Сама собой сползла с лица сотника самодовольная улыбка, а травинка с плевком улетела куда-то вниз. И ощутив пропитавшую воздух угрозу, всадники златопольских сотен, той, что привезла Винного, и тех двух, что проникли в город ещё днём и разоружили охрану, без команды стали стягивать с плеч винтовки.
Но не было страха у жителей Дмитровска, и не смогли остановить их, ни загремевшие выстрелы, ни взметнувшиеся к слепой черноте неба сабли. Город раздавил захватчиков, смёл мятежников, но не забыл и не простил обидчиков.
Говорят, месть — блюдо, которое подают холодным, но этой же ночью грузились в паромобили вооружённые и злые люди, чтобы вершить правосудие по своему разумению.
— Я никогда не забуду этот страшный день, — поднявшись на борт паромобиля, говорил тем, кто оставался в городе, Винный. — Но день завтрашний станет первым днём новой жизни. Отныне и навсегда наш город будет зваться Новодмитровск, как символ того будущего, к которому мы стремимся, как символ новой жизни. А моя жизнь, вся, без остатка, принадлежит вам и нашему городу. И я клянусь, что никогда больше тут не прольётся кровь!

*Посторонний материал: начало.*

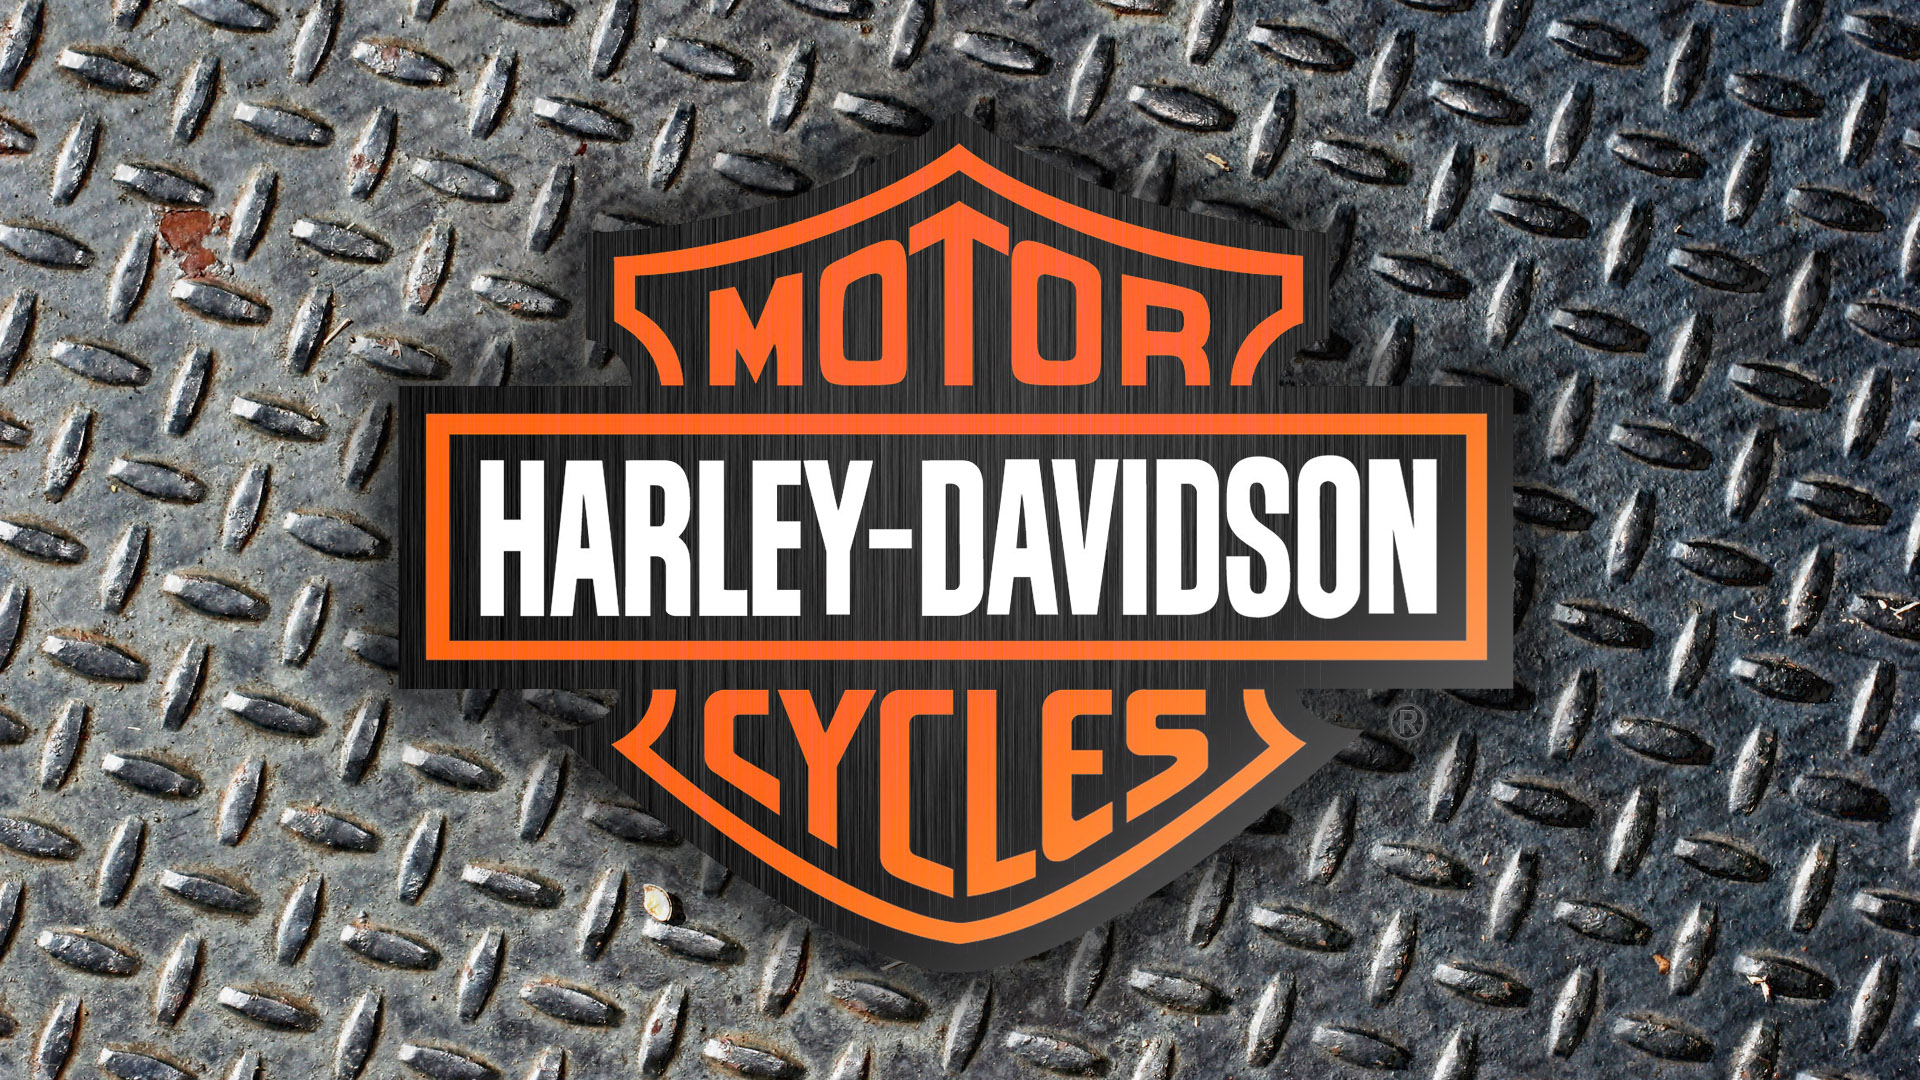 Harley Davidson Motor Cycles Jpg

Махнув рукой, Олег Васильевич сказал рулевому: "поехали", и один за другим четыре паромобиля укатили в ночь.
Златополье спало беспечным сном, не ожидая никаких неприятных сюрпризов, потому найти дом городского головы и захватить того не составило ровным счётом никакого труда. Отчаянная потасовка, пара выстрелов в воздух для острастки и готово. Голову казнили прилюдно. Удивительно, но никто из жителей не протестовал и не вступился, напротив, многие одобрительно кричали и улюлюкали, а кто-то даже хлопал в ладоши, когда того вешали.
Жарко горит уголь в топках, кипят котлы, силой пара раскручивая громадные колёса, и торжественно поют приводные механизмы свою победоносную песнь: "Чух-щух, чух-щух, чух-щух!" — паромобили на всех парах мчатся домой. У самого края стоят, опираясь на перила, господин директор с замом и вглядываются в мглистую даль впереди, а налетающий ветер нещадно треплет их одежду. Небо неотвратимо сереет рассветом, и вот уже становятся видны родные крыши.
Посреди возделываемых полей стоит гордо и непоколебимо он, небольшой и с виду самый обычный. Но город — это, прежде всего, его жители. А люди тут особые, сплоченные и дружные, уверенные в собственных силах, своих лидерах и завтрашнем дне, новые люди.
Из-за горизонта поднимается солнце. В Новодмитровске начинается новый день.